* **PROBLEM REQUIREMENTS**:
Everything in the listing below from the line containing "Zwei Gazellen ruhen" through the line containing "https://ua.interfax.com.ua/news/blog/779768.html" must be repeated exactly; the remaining lines are not wanted.

* **RECORDS SUPPLIED**:
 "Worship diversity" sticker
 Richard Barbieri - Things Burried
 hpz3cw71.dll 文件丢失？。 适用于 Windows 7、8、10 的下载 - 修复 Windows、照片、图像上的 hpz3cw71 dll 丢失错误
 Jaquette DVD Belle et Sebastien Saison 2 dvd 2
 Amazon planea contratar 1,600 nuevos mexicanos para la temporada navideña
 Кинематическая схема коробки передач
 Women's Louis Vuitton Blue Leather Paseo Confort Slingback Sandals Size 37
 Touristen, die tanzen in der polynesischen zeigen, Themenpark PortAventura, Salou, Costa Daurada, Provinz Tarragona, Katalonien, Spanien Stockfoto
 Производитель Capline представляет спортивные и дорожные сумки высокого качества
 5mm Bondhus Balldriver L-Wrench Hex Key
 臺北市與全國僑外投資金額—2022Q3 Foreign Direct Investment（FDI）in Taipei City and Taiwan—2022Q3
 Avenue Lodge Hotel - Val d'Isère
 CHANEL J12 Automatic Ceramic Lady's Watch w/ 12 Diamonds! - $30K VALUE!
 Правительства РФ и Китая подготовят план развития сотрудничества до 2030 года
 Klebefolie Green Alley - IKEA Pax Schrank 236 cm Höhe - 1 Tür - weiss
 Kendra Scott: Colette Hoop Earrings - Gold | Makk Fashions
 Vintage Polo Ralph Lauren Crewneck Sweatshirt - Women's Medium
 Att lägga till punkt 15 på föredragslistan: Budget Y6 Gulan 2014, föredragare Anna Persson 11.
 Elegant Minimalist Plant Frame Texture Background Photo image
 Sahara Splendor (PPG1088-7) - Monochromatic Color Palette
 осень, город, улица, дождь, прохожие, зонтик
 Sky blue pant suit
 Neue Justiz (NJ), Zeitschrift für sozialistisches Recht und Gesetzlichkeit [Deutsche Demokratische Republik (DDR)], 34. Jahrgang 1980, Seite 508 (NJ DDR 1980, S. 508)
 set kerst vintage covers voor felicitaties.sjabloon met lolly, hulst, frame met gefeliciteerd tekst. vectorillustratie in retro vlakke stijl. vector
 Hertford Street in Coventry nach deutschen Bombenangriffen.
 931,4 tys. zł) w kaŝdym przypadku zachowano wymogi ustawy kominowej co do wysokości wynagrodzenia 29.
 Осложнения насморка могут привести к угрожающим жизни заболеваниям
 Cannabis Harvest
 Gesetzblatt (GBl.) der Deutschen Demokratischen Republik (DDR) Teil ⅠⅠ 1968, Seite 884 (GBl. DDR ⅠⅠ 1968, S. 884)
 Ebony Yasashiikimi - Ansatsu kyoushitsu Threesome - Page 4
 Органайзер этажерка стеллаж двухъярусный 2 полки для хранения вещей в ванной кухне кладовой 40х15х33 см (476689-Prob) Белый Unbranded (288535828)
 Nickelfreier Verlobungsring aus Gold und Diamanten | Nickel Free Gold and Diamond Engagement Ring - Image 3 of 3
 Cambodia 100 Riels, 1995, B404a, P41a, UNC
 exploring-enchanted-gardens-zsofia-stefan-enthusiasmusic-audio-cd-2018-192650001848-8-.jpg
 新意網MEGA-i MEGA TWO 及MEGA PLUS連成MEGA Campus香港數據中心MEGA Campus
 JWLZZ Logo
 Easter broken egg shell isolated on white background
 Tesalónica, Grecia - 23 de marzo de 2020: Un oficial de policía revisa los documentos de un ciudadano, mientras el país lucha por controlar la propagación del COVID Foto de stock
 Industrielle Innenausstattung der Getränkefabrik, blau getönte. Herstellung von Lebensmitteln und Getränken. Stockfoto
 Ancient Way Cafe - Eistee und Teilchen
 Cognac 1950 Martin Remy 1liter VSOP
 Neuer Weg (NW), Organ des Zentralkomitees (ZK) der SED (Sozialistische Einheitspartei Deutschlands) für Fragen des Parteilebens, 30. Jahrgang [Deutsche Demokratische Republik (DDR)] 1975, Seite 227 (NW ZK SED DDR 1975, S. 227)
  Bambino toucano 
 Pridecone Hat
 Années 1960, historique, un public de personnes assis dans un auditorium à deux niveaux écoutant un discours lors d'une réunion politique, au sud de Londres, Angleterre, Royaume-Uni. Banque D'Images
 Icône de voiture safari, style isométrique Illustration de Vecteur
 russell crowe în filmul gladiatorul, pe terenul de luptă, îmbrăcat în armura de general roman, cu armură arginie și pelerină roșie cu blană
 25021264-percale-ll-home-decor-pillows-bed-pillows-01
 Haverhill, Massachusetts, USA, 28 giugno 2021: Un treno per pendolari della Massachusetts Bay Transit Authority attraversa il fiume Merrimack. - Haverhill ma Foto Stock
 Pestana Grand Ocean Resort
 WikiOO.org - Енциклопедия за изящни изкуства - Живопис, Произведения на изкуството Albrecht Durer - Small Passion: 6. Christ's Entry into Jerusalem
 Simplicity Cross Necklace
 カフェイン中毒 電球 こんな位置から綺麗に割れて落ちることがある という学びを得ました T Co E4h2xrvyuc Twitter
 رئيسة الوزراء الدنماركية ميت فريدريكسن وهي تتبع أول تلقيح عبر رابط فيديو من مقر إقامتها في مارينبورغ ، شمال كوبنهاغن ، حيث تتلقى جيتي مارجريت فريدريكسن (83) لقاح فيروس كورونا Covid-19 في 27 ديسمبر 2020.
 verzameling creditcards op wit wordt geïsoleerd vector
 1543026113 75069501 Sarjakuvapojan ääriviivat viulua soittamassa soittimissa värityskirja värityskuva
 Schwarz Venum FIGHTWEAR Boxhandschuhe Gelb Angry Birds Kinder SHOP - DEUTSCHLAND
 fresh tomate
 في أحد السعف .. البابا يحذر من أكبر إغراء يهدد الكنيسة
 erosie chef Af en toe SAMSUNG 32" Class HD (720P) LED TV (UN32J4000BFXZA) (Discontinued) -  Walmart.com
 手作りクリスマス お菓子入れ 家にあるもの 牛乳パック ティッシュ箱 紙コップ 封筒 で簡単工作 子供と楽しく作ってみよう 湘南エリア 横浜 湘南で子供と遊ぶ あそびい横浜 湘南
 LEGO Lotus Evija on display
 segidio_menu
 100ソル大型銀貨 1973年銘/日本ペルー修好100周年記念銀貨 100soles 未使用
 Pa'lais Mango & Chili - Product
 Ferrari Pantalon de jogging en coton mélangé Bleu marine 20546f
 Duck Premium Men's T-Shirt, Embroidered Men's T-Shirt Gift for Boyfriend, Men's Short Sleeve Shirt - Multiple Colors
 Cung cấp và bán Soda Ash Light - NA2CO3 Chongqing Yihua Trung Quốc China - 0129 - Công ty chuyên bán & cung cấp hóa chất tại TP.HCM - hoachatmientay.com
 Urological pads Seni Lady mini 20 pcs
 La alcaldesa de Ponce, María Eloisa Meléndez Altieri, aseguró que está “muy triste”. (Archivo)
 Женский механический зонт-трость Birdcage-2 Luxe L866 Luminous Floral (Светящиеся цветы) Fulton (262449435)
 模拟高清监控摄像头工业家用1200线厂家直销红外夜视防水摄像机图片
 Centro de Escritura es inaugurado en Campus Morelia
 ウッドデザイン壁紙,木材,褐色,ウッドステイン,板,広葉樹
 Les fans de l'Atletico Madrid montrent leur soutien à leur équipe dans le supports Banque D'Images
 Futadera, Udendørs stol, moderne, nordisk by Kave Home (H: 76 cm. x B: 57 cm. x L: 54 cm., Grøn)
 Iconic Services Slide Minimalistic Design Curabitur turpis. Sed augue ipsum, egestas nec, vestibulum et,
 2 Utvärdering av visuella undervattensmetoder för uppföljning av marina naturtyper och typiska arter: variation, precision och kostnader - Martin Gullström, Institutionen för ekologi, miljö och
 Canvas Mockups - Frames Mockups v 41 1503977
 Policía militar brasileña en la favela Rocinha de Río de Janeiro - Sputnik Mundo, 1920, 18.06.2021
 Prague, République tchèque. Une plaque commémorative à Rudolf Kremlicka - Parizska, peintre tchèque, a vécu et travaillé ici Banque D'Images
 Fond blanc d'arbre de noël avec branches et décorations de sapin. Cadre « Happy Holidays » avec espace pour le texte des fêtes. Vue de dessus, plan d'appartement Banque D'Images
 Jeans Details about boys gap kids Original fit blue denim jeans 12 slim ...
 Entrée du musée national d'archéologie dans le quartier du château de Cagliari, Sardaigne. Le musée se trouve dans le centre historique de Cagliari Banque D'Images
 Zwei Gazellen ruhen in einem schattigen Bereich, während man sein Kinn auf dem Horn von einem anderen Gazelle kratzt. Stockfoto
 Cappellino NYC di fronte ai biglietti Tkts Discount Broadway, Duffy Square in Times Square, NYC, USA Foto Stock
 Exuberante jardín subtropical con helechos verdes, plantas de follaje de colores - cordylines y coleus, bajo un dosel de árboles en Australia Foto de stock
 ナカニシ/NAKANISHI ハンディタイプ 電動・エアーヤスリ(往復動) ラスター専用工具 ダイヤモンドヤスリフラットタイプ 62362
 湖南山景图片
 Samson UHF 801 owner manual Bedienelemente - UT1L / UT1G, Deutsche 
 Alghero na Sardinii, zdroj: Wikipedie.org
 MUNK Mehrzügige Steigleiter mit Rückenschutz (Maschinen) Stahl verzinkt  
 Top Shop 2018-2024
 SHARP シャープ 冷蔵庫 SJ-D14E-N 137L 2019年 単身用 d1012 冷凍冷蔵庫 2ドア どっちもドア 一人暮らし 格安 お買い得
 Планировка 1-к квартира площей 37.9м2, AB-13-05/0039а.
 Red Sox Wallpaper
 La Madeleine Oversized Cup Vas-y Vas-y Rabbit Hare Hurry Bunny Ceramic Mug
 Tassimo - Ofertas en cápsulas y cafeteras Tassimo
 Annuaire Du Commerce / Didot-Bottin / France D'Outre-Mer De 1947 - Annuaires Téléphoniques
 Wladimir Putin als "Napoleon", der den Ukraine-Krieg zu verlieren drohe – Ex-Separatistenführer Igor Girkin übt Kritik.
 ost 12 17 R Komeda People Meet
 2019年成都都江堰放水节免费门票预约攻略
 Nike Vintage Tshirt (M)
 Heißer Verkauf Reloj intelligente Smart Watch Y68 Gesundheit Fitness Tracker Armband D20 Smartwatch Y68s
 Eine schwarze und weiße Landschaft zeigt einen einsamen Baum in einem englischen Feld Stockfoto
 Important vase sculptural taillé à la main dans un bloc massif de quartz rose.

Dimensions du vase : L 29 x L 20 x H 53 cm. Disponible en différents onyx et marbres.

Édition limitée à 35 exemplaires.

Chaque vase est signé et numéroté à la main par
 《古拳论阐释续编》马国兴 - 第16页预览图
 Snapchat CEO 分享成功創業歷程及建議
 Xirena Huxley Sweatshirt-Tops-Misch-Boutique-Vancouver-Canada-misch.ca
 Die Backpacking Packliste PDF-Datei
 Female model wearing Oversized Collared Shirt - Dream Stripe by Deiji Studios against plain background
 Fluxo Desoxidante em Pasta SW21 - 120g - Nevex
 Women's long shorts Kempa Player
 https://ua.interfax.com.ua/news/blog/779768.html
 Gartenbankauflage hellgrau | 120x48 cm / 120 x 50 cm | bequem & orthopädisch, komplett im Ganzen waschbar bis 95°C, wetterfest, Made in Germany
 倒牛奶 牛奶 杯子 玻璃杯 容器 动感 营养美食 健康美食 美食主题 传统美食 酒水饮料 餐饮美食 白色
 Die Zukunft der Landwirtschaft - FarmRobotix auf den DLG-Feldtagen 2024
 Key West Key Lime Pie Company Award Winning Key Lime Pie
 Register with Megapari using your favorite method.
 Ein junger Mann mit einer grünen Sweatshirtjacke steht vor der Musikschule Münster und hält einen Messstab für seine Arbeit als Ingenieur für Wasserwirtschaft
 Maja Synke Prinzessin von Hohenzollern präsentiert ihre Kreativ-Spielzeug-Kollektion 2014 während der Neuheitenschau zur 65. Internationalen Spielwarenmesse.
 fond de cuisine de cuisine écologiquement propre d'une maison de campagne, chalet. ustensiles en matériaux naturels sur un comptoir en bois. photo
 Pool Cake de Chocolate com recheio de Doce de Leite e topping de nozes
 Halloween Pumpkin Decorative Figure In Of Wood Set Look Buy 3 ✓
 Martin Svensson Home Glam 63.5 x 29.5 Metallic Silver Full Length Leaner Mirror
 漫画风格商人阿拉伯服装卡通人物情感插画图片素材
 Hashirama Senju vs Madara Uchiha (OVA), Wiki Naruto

* **EXERCISE SOLUTION**:
 Zwei Gazellen ruhen in einem schattigen Bereich, während man sein Kinn auf dem Horn von einem anderen Gazelle kratzt. Stockfoto
 Cappellino NYC di fronte ai biglietti Tkts Discount Broadway, Duffy Square in Times Square, NYC, USA Foto Stock
 Exuberante jardín subtropical con helechos verdes, plantas de follaje de colores - cordylines y coleus, bajo un dosel de árboles en Australia Foto de stock
 ナカニシ/NAKANISHI ハンディタイプ 電動・エアーヤスリ(往復動) ラスター専用工具 ダイヤモンドヤスリフラットタイプ 62362
 湖南山景图片
 Samson UHF 801 owner manual Bedienelemente - UT1L / UT1G, Deutsche 
 Alghero na Sardinii, zdroj: Wikipedie.org
 MUNK Mehrzügige Steigleiter mit Rückenschutz (Maschinen) Stahl verzinkt  
 Top Shop 2018-2024
 SHARP シャープ 冷蔵庫 SJ-D14E-N 137L 2019年 単身用 d1012 冷凍冷蔵庫 2ドア どっちもドア 一人暮らし 格安 お買い得
 Планировка 1-к квартира площей 37.9м2, AB-13-05/0039а.
 Red Sox Wallpaper
 La Madeleine Oversized Cup Vas-y Vas-y Rabbit Hare Hurry Bunny Ceramic Mug
 Tassimo - Ofertas en cápsulas y cafeteras Tassimo
 Annuaire Du Commerce / Didot-Bottin / France D'Outre-Mer De 1947 - Annuaires Téléphoniques
 Wladimir Putin als "Napoleon", der den Ukraine-Krieg zu verlieren drohe – Ex-Separatistenführer Igor Girkin übt Kritik.
 ost 12 17 R Komeda People Meet
 2019年成都都江堰放水节免费门票预约攻略
 Nike Vintage Tshirt (M)
 Heißer Verkauf Reloj intelligente Smart Watch Y68 Gesundheit Fitness Tracker Armband D20 Smartwatch Y68s
 Eine schwarze und weiße Landschaft zeigt einen einsamen Baum in einem englischen Feld Stockfoto
 Important vase sculptural taillé à la main dans un bloc massif de quartz rose.

Dimensions du vase : L 29 x L 20 x H 53 cm. Disponible en différents onyx et marbres.

Édition limitée à 35 exemplaires.

Chaque vase est signé et numéroté à la main par
 《古拳论阐释续编》马国兴 - 第16页预览图
 Snapchat CEO 分享成功創業歷程及建議
 Xirena Huxley Sweatshirt-Tops-Misch-Boutique-Vancouver-Canada-misch.ca
 Die Backpacking Packliste PDF-Datei
 Female model wearing Oversized Collared Shirt - Dream Stripe by Deiji Studios against plain background
 Fluxo Desoxidante em Pasta SW21 - 120g - Nevex
 Women's long shorts Kempa Player
 https://ua.interfax.com.ua/news/blog/779768.html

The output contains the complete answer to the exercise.